### [Task brief]
Should a picture appear anywhere in the data, omit it and copy everything else exactly.

[[ Data section open ]]

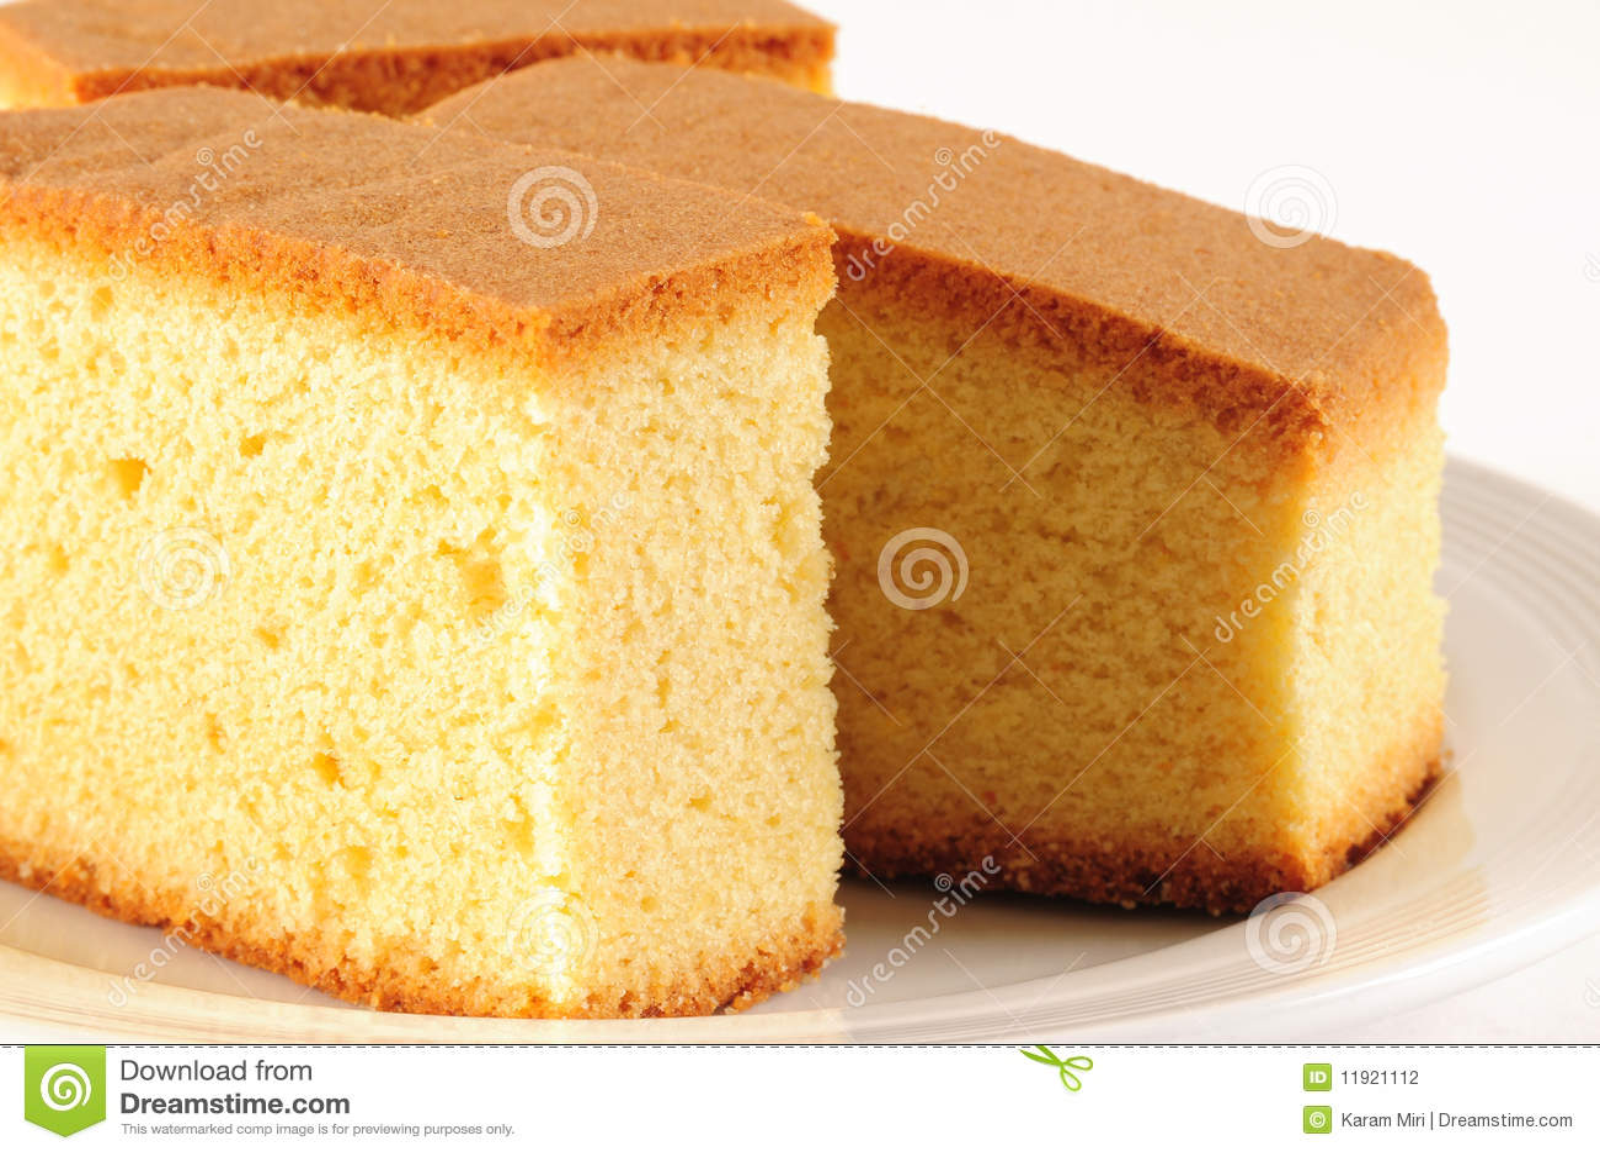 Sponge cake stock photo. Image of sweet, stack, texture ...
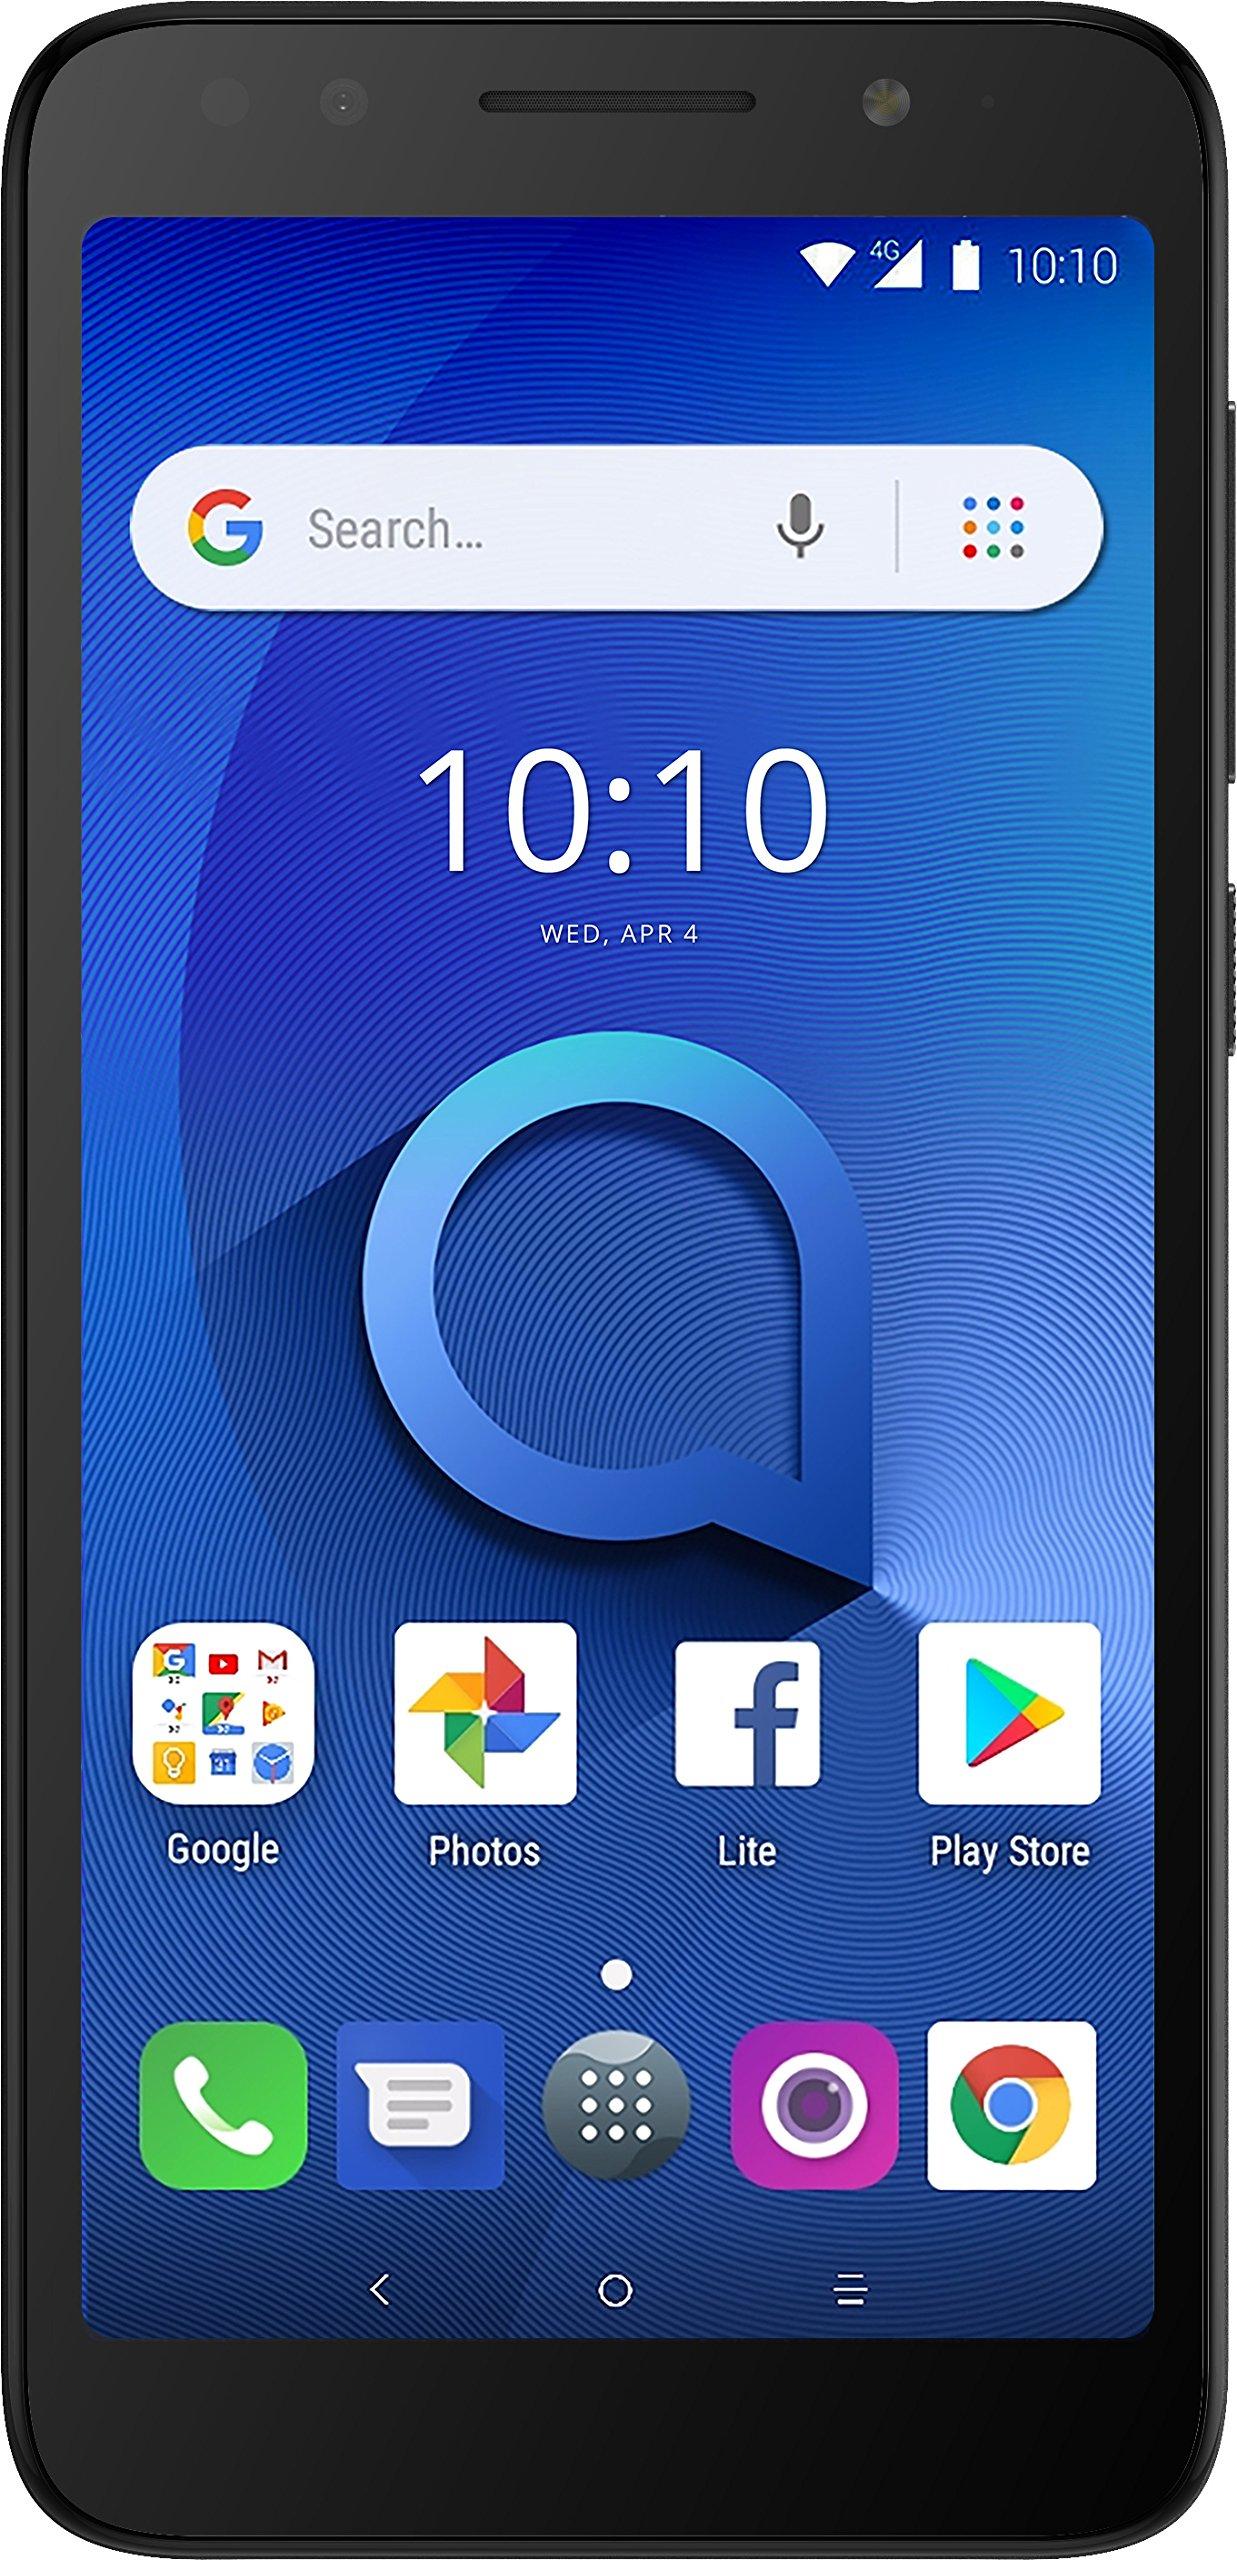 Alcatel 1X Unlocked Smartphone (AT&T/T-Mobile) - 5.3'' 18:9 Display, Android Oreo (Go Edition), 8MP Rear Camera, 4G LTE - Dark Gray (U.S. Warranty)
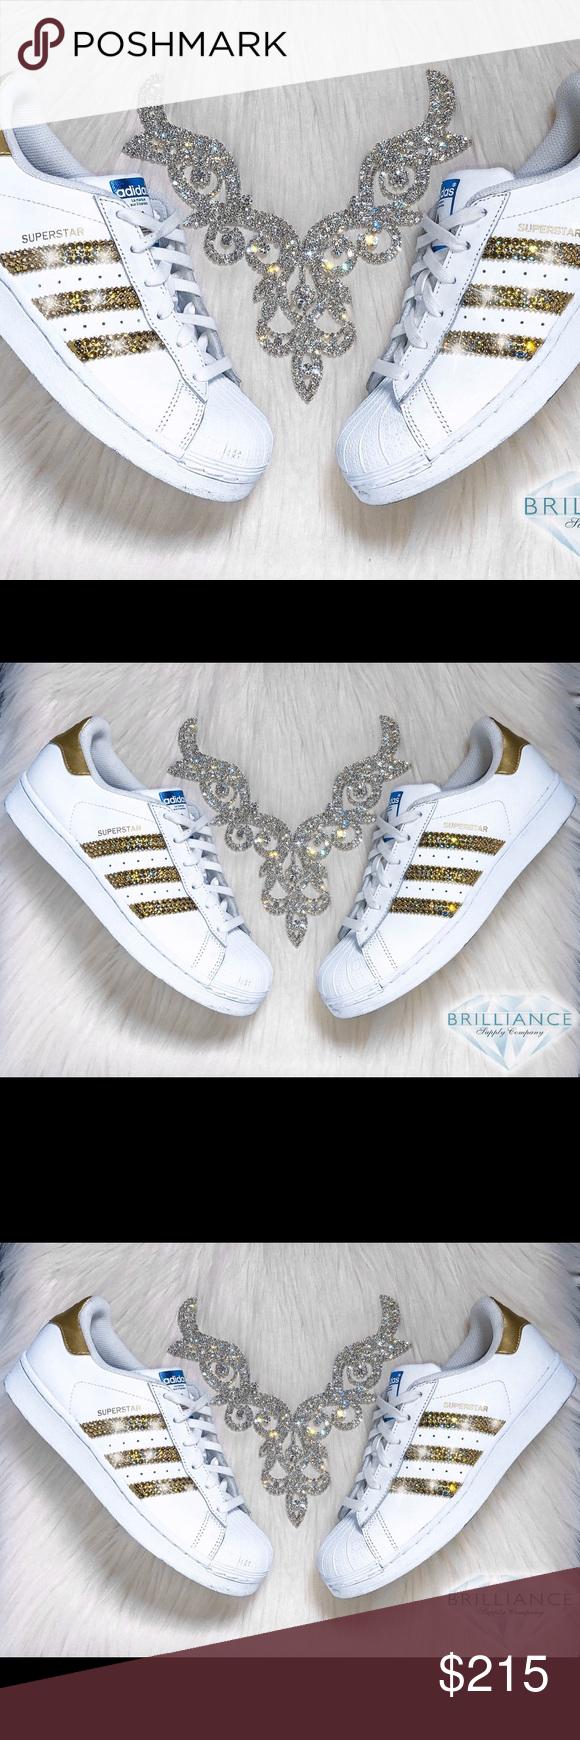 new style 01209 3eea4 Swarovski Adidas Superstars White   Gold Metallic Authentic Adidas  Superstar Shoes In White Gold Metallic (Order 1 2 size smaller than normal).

[[ Data section closed ]]

### [Solution]
 Sponge cake stock photo. Image of sweet, stack, texture ...
 Alcatel 1X Unlocked Smartphone (AT&T/T-Mobile) - 5.3'' 18:9 Display, Android Oreo (Go Edition), 8MP Rear Camera, 4G LTE - Dark Gray (U.S. Warranty)
 new style 01209 3eea4 Swarovski Adidas Superstars White   Gold Metallic Authentic Adidas  Superstar Shoes In White Gold Metallic (Order 1 2 size smaller than normal).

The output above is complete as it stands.